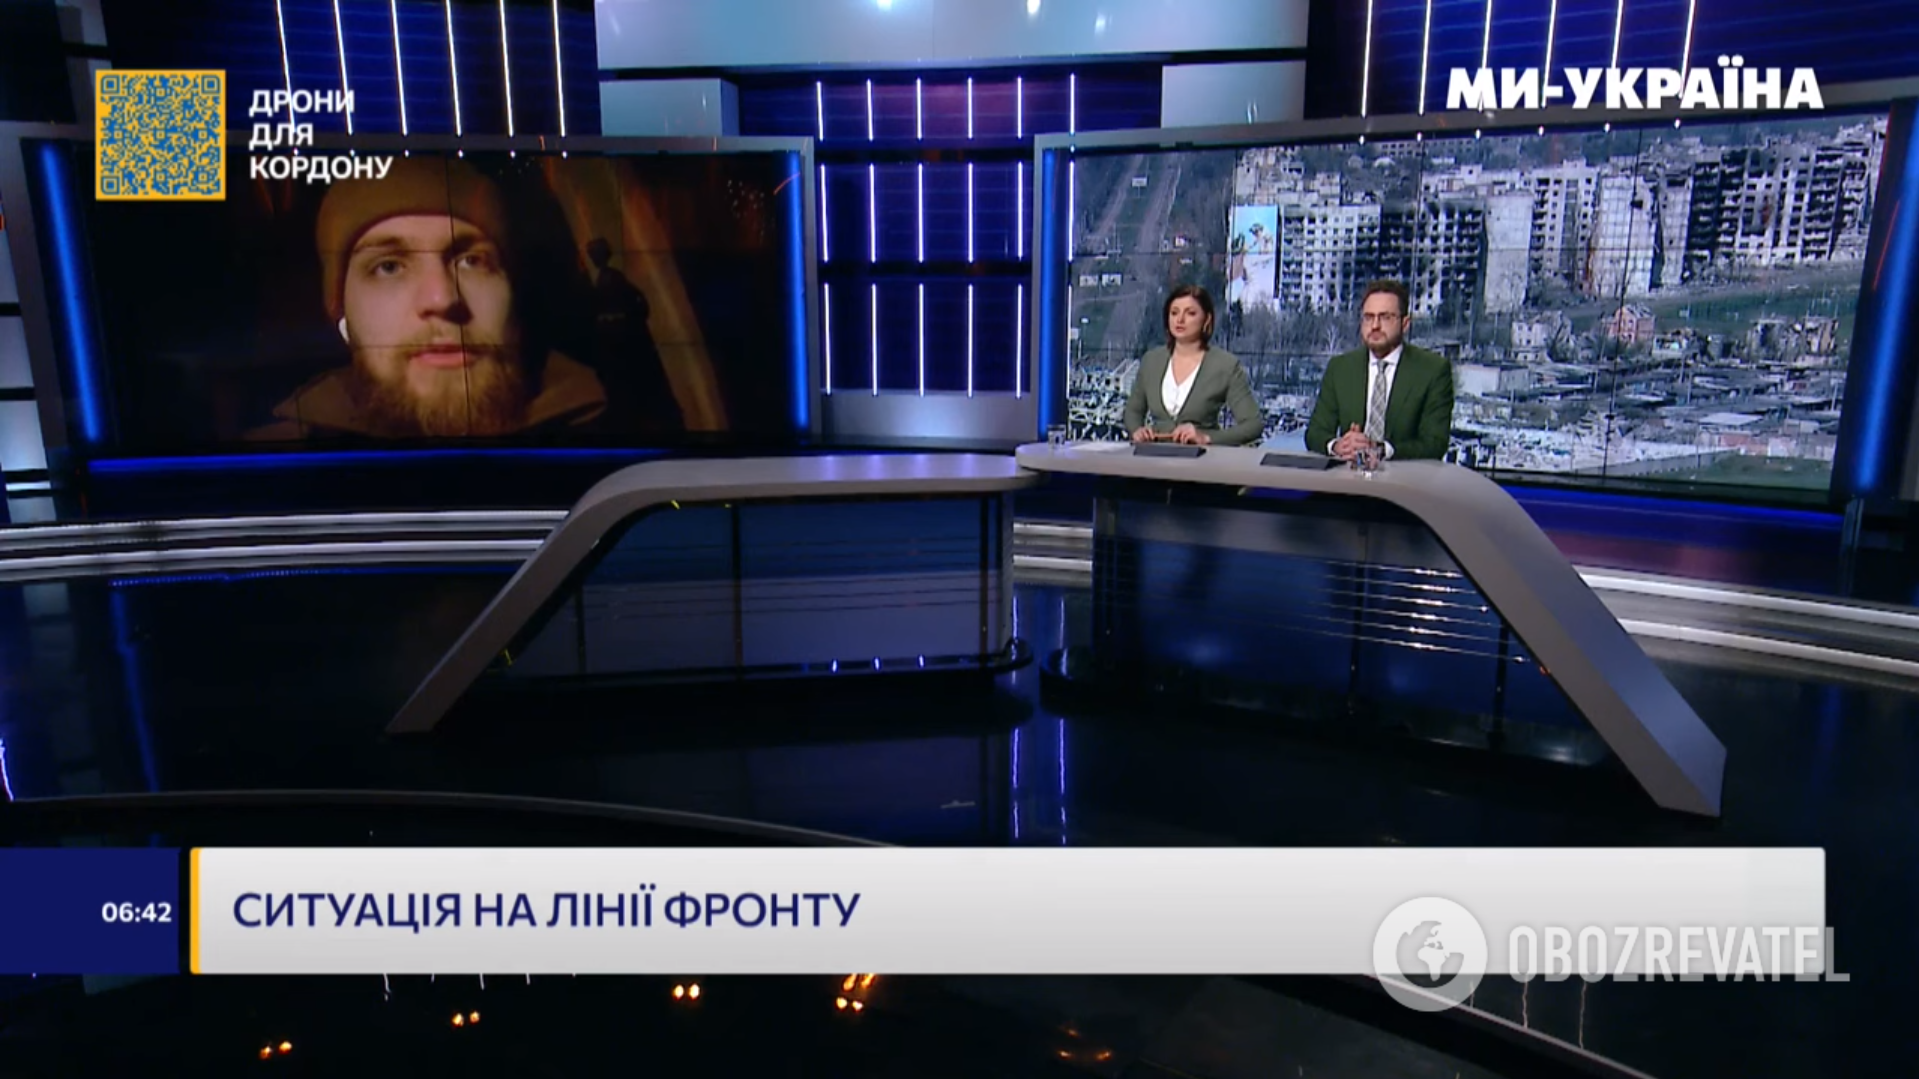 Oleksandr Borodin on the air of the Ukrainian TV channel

****

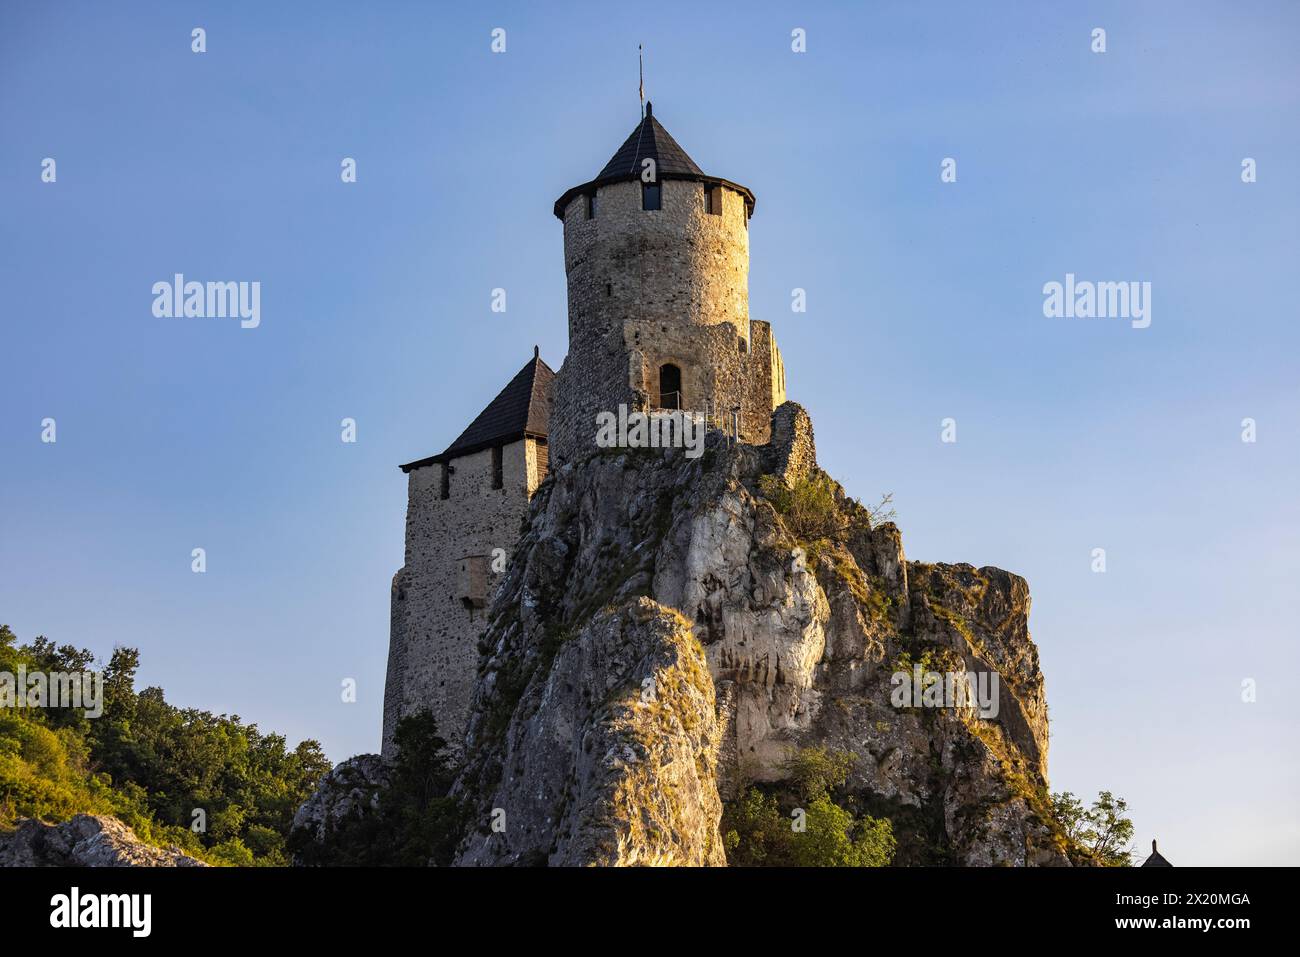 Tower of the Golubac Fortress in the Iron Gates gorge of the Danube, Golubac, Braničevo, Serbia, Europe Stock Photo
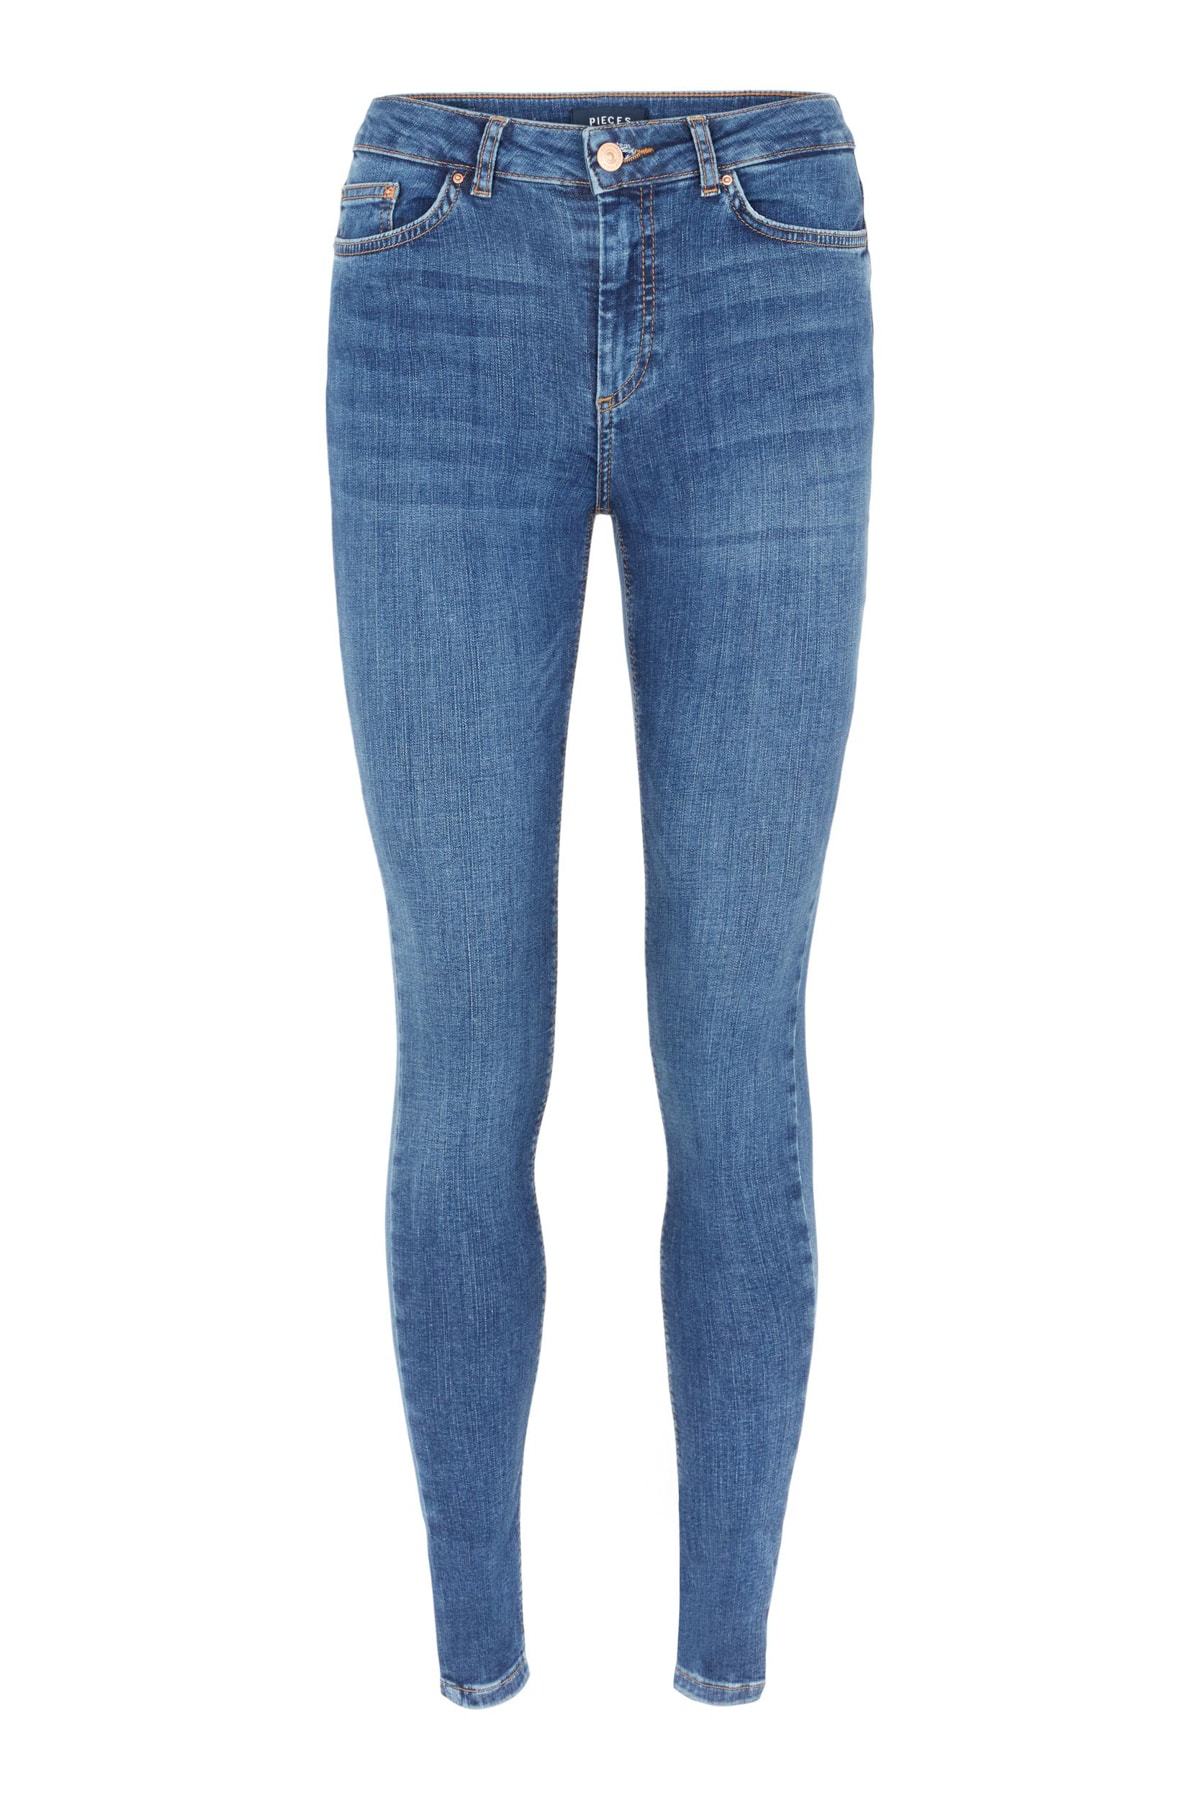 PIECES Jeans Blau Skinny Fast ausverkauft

****

Using the records above, repeat exactly the run of lines that starts with the line with "Tower of the" and goes on through the line with "PIECES Jeans Blau Skinny Fast ausverkauft"; omit each picture.

## Written solution
 Tower of the Golubac Fortress in the Iron Gates gorge of the Danube, Golubac, Braničevo, Serbia, Europe Stock Photo
 PIECES Jeans Blau Skinny Fast ausverkauft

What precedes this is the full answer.